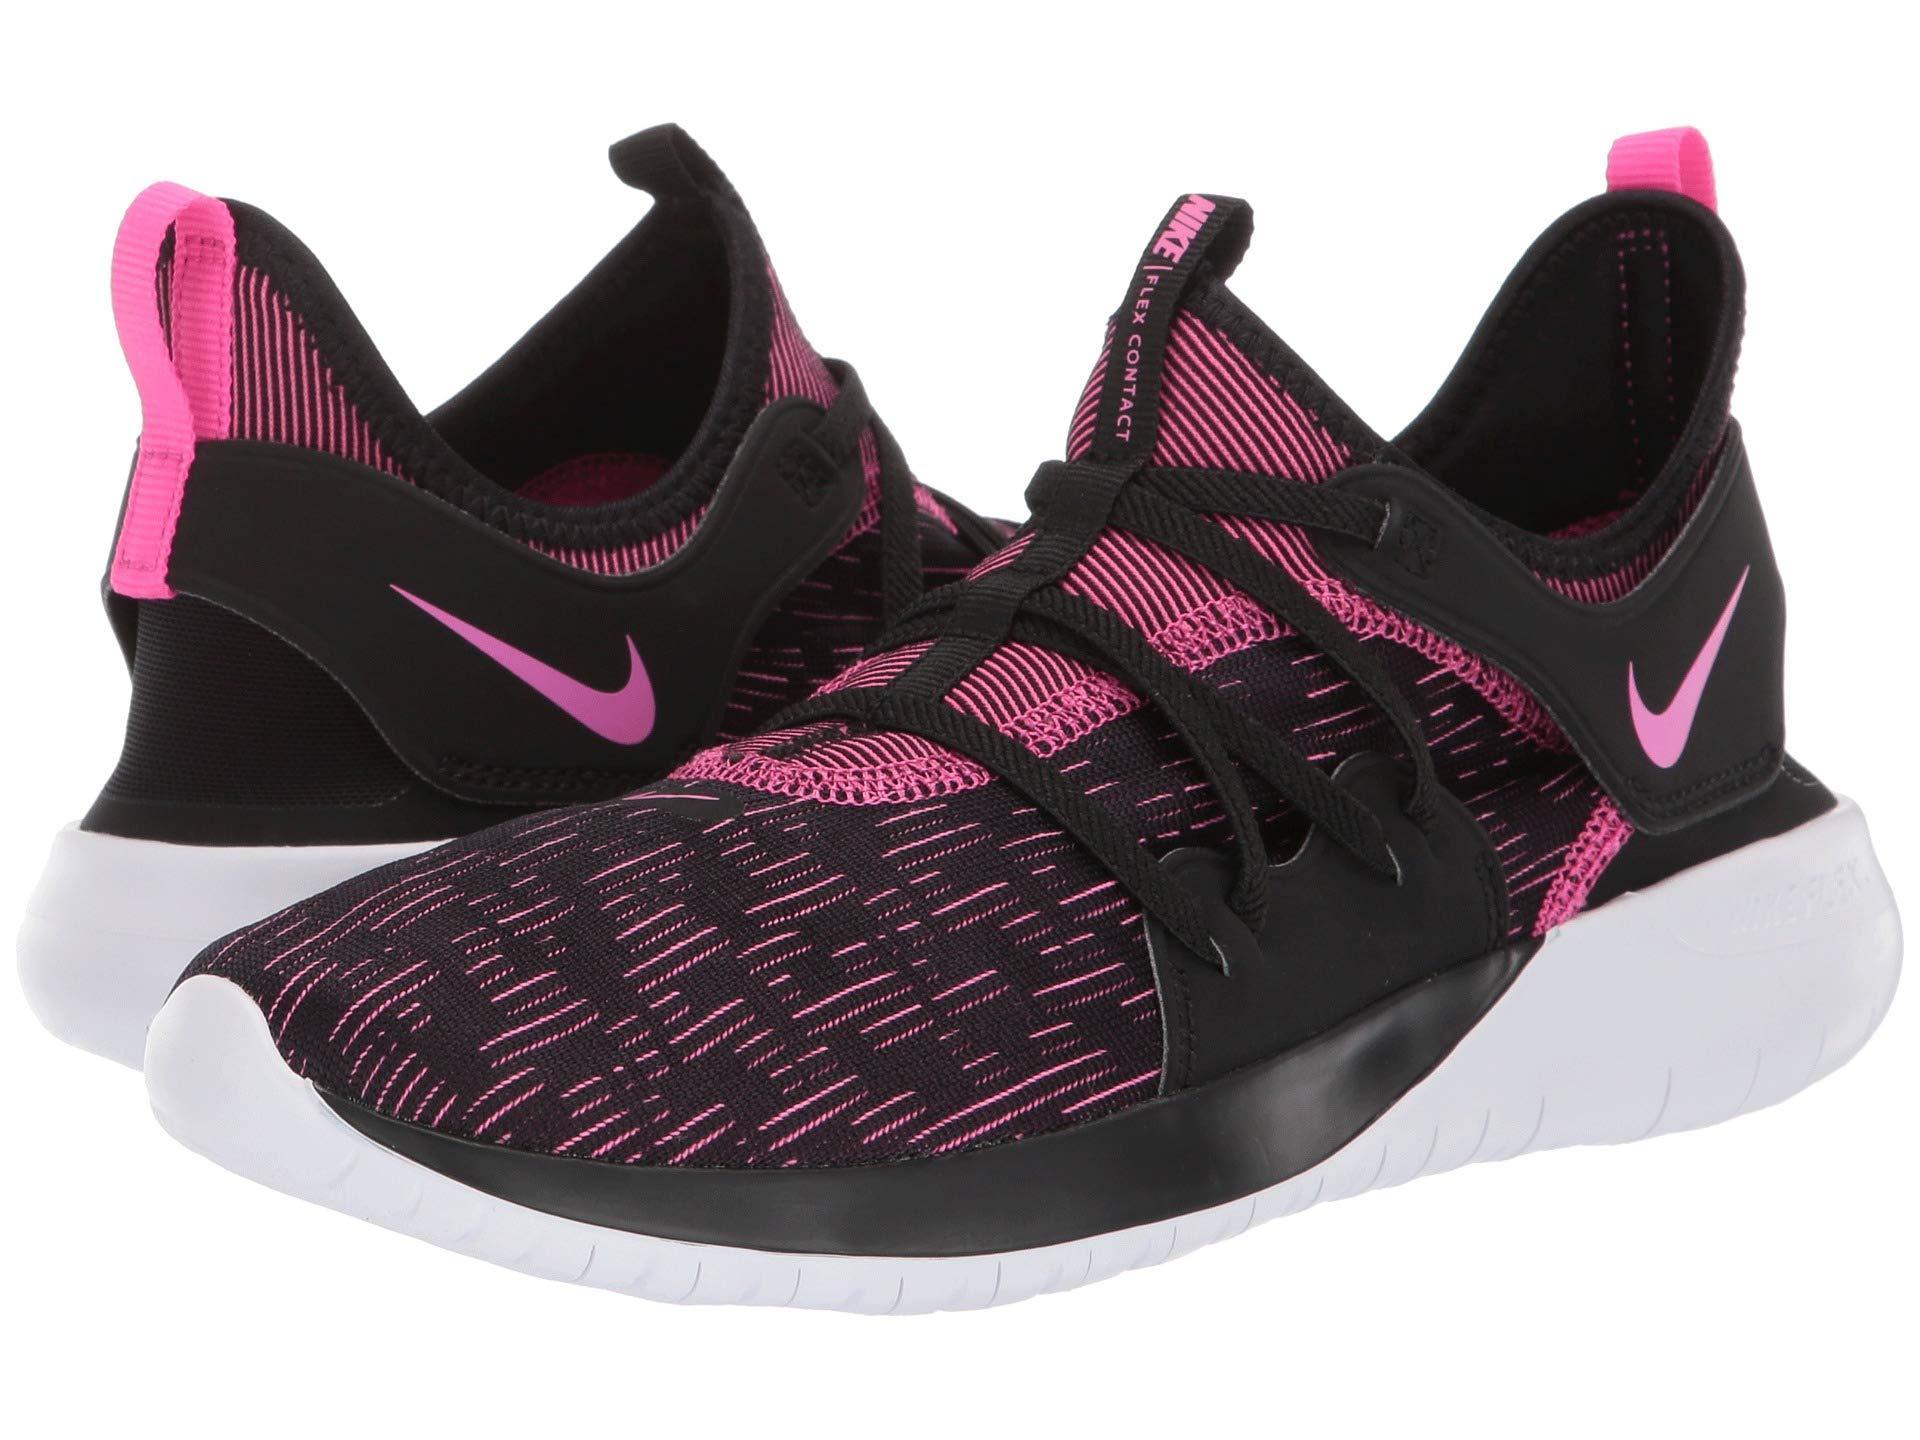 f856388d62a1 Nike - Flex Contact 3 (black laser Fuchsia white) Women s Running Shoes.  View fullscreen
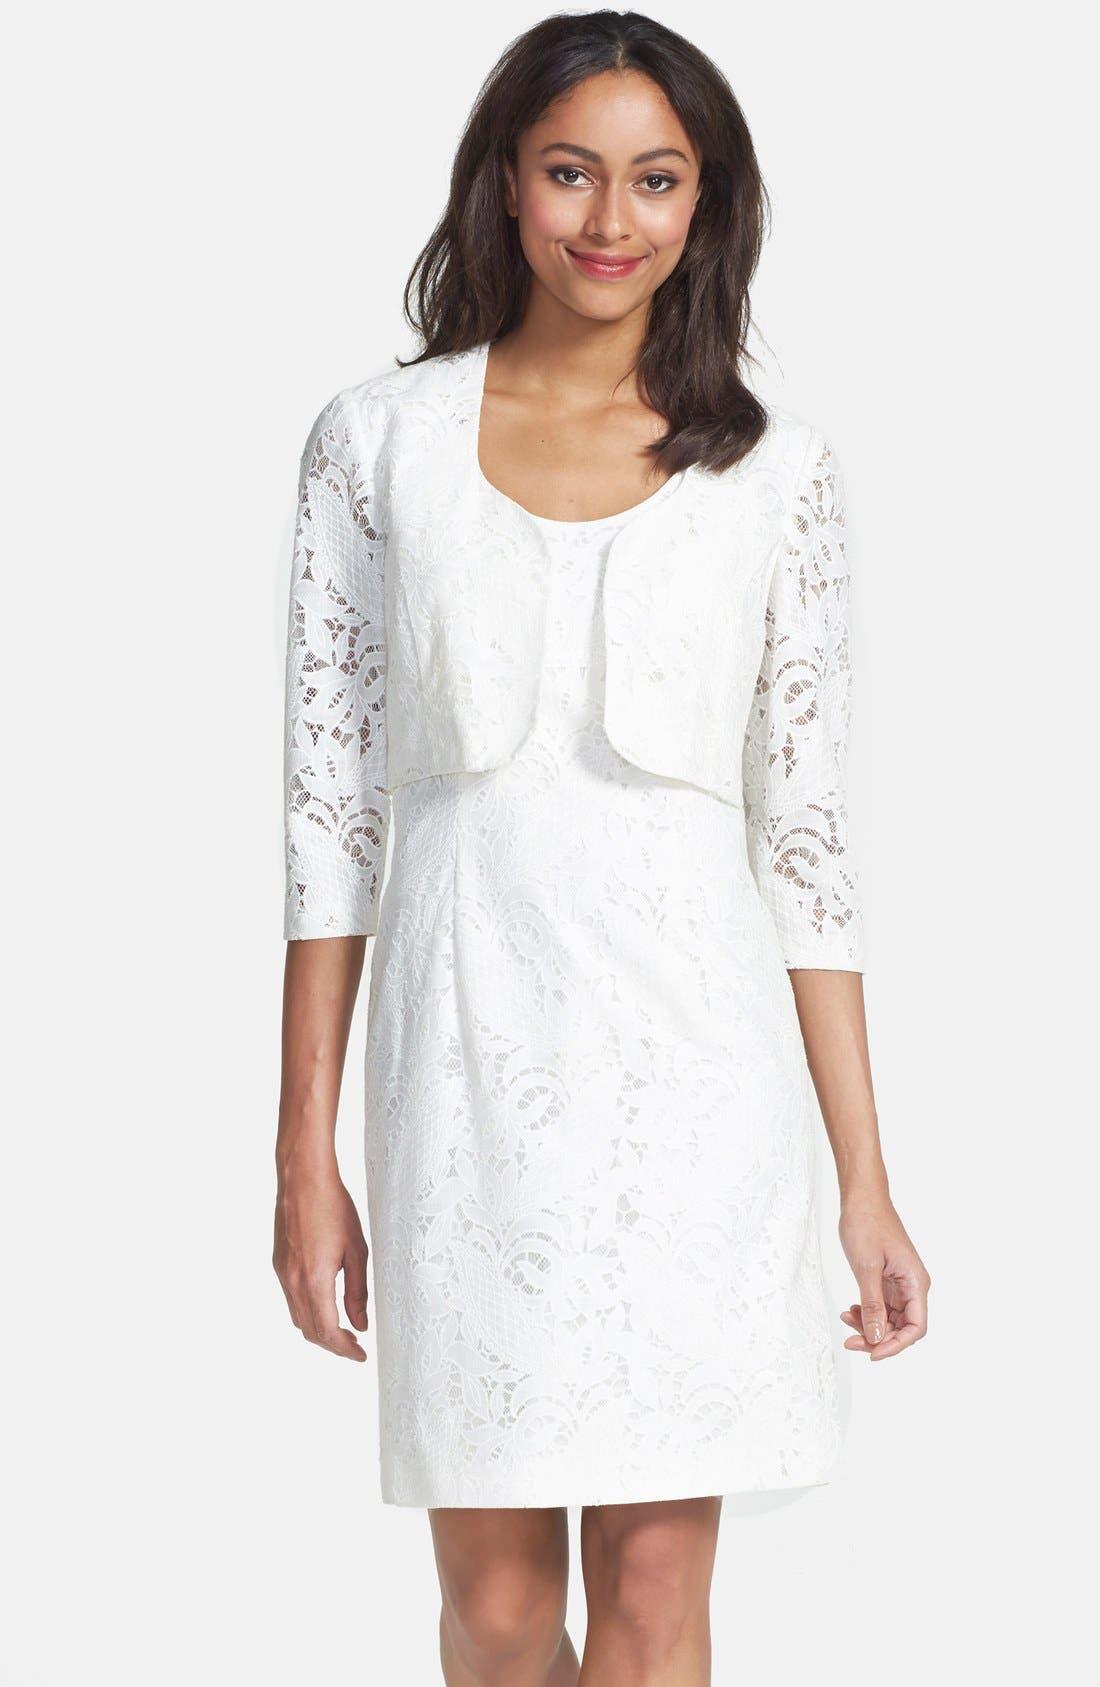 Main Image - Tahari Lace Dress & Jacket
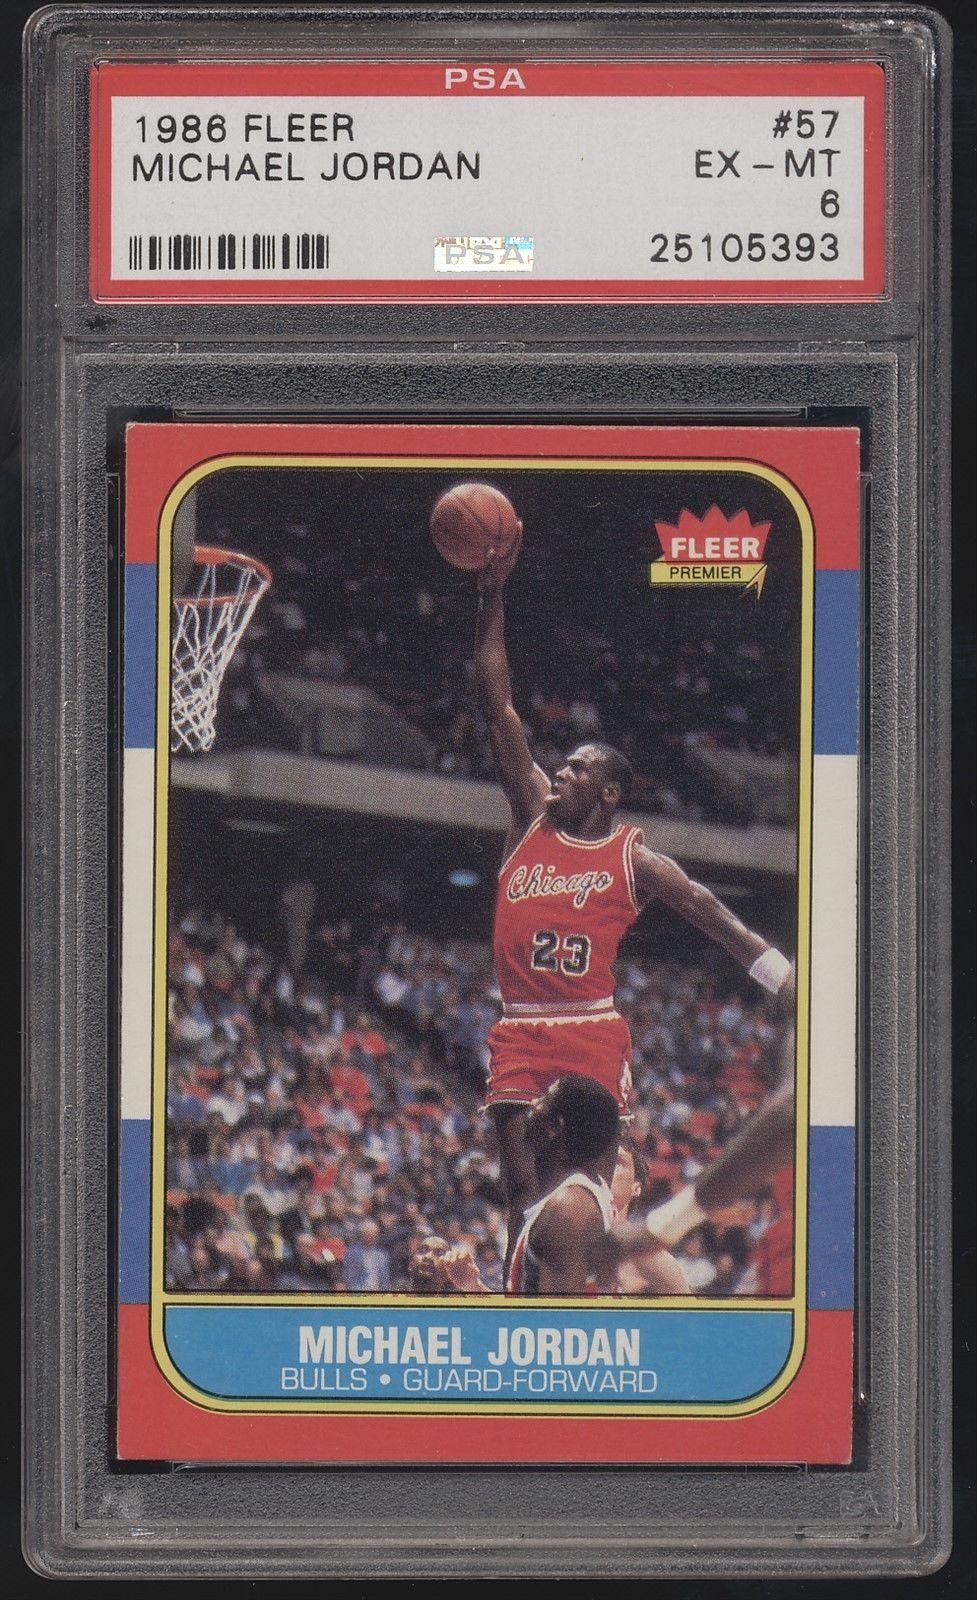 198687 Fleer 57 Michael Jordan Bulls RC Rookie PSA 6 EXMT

********

→ **Problem to work on**:
Give back the material above exactly as written, but omit the images.

→ **Result for this exercise**:
 f856388d62a1 Nike - Flex Contact 3 (black laser Fuchsia white) Women s Running Shoes.  View fullscreen
 Main Image - Tahari Lace Dress & Jacket
 198687 Fleer 57 Michael Jordan Bulls RC Rookie PSA 6 EXMT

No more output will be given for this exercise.